Plant response to stresses is somehow complicated and including transcriptomic changes which lead to physiological differences. Abiotic stresses may affect plant susceptibility to pests and pathogens. Activation of multidirectional defence signals would provide the beneficial effect of integrated disease-pest management. It is controlled by a wide range of molecular mechanisms working together in a complex regulating network. Forty ATG and receptor ATG (rATG) are recognized in Arabidopsis incorporating in autophagy mechanism, but their function, as well as transcription regulators, are mostly unknown. The first step to study the regulating of autophagy transcriptome is to find expression patterns of autophagy-related genes in response to a stimulus (thermopriming) which is preferably able to exhibit a balance of immunity and growth threshold. Transcriptomic changes versus an autophagy-inducing treatment start normally in few minutes to hours. Therefore, identifying the key genes responding in this system is aimed in this study.

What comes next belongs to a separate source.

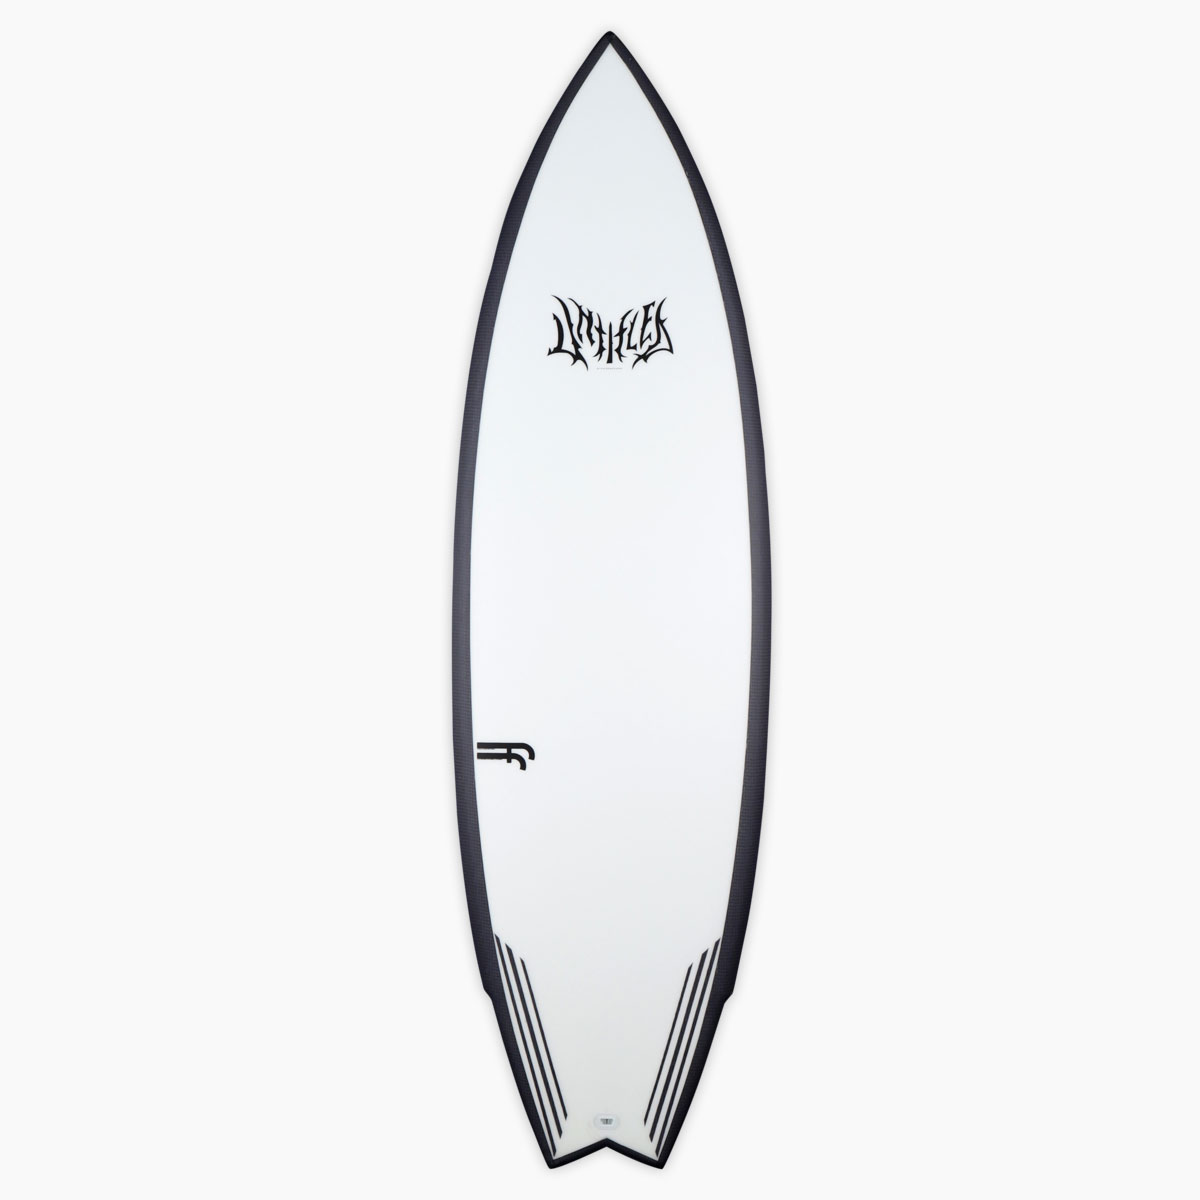 SurfBoardNet / サーフボード ブランド:HAYDEN SHAPES
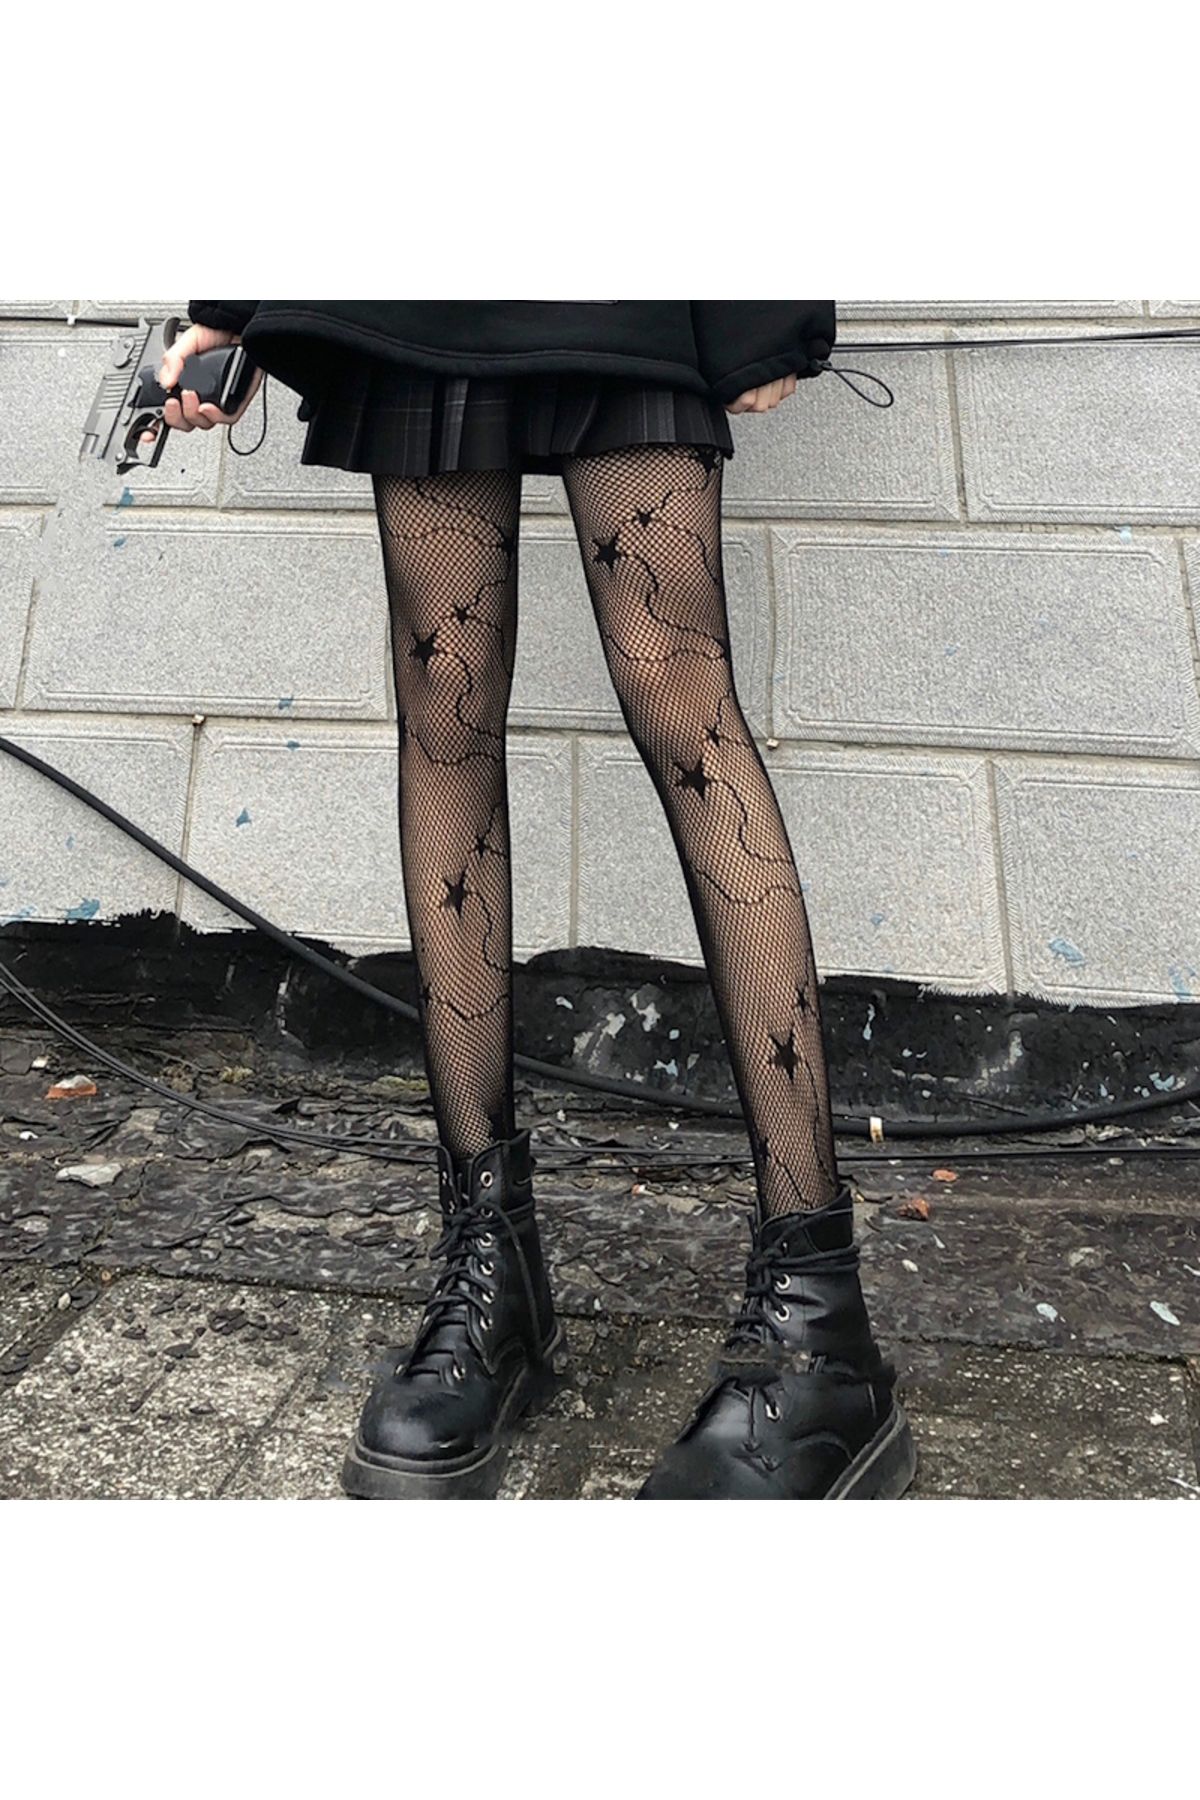 VEGAROKS Lolita Yıldız Desenli Ithal Siyah Külotlu Çorap

Meristem is including a pool of pluripotent stem cells able to maintain themselves and produce cells needed for organ development. Hence, cell division, stem cell maintenance, and their integration into organ meristems are the basis of plant development after embryogenesis. Thereby, plant development under stress is dependent on the meristem ( 22 , 23 ). In these conditions, the shoot apical meristem (SAM) of plant seedling is dominant to the other tissues and has a pivotal role in defence signalling and memorizing to survive the plant. SAM ultrastructural changes have been observed due to heat and oxidative stress in Arabidopsis ( 24 ) and salinity stress and autophagy activity in Canola ( 25 ), but the molecular integration of stress and autophagy in SAM has not been studied so far.

2. Objectives

In the context of plant-stress molecular interaction, investigation of autophagy and priming that has several aspects including temperature, growth and development, reproductivity, defence signalling, and also finding a balance between them is of great importance. Hence, this study aimed to investigate the autophagy genes expression level in given time-points after thermoprimig phases, to determine the effectiveness of autophagy on thermopriming induced defence mechanism in SAM of young Arabidopsis.

3. Materials and Methods

3.1. Plant Source and Seed

Shoot apices including SAM tissue of 5-day old Arabidopsis were aimed to study. For this, Arabidopsis thaliana Columbia 0 ecotype (Col0) seeds were disinfected for 10 min with sterilization suspension containing 5 mL ethanol 70% and two drops of Triton X-100. Seeds were stored for 2 days in the darkroom at 4 °C for stratification. Then, 60 seeds were sown in square plates (12×12 cm) containing 70 mL Murashige & Skoog (MS) culture media (pH ̴ 5.7) plus 1% sucrose. Seedlings were grown continuously for 5 days in long days conditions (16-h light/8-h dark cycle, start at 9 am, light intensity 160 μmoL m-2 s-1), at 22 °C with 60% relative humidity.

3.2. Thermopriming

Each biological replicate was including 4 plates, of which for control (without priming) and others for priming treatment according to the protocol published in ( 18 ). Briefly, thermopriming treatment was consisting of 90 min at 37 °C, followed by 90 min at 22 °C, 45 min at 44 °C. Waterproof Leukopor tape was removed and plates returned to phytotron 22 °C until sample harvest time.

3.3. Plant Tissue Harvest

Shoot apices of 5-day-old Col-0 seedlings (5 days after sowing) were harvested under the microscope at 4 h and 24 h after subjecting to the thermopriming treatment. For each time point, a primed (P) and unprimed (C) plate was harvested to their corresponding sample microtubes. Three biological replicates were collected for each sample and there contained approximately fifty SAM tissues. Finally, 4 samples were prepared for each biological replicate: 4 h control (4C), 4 h primed (4P), 24 h control (24C), and 24 h primed (24P).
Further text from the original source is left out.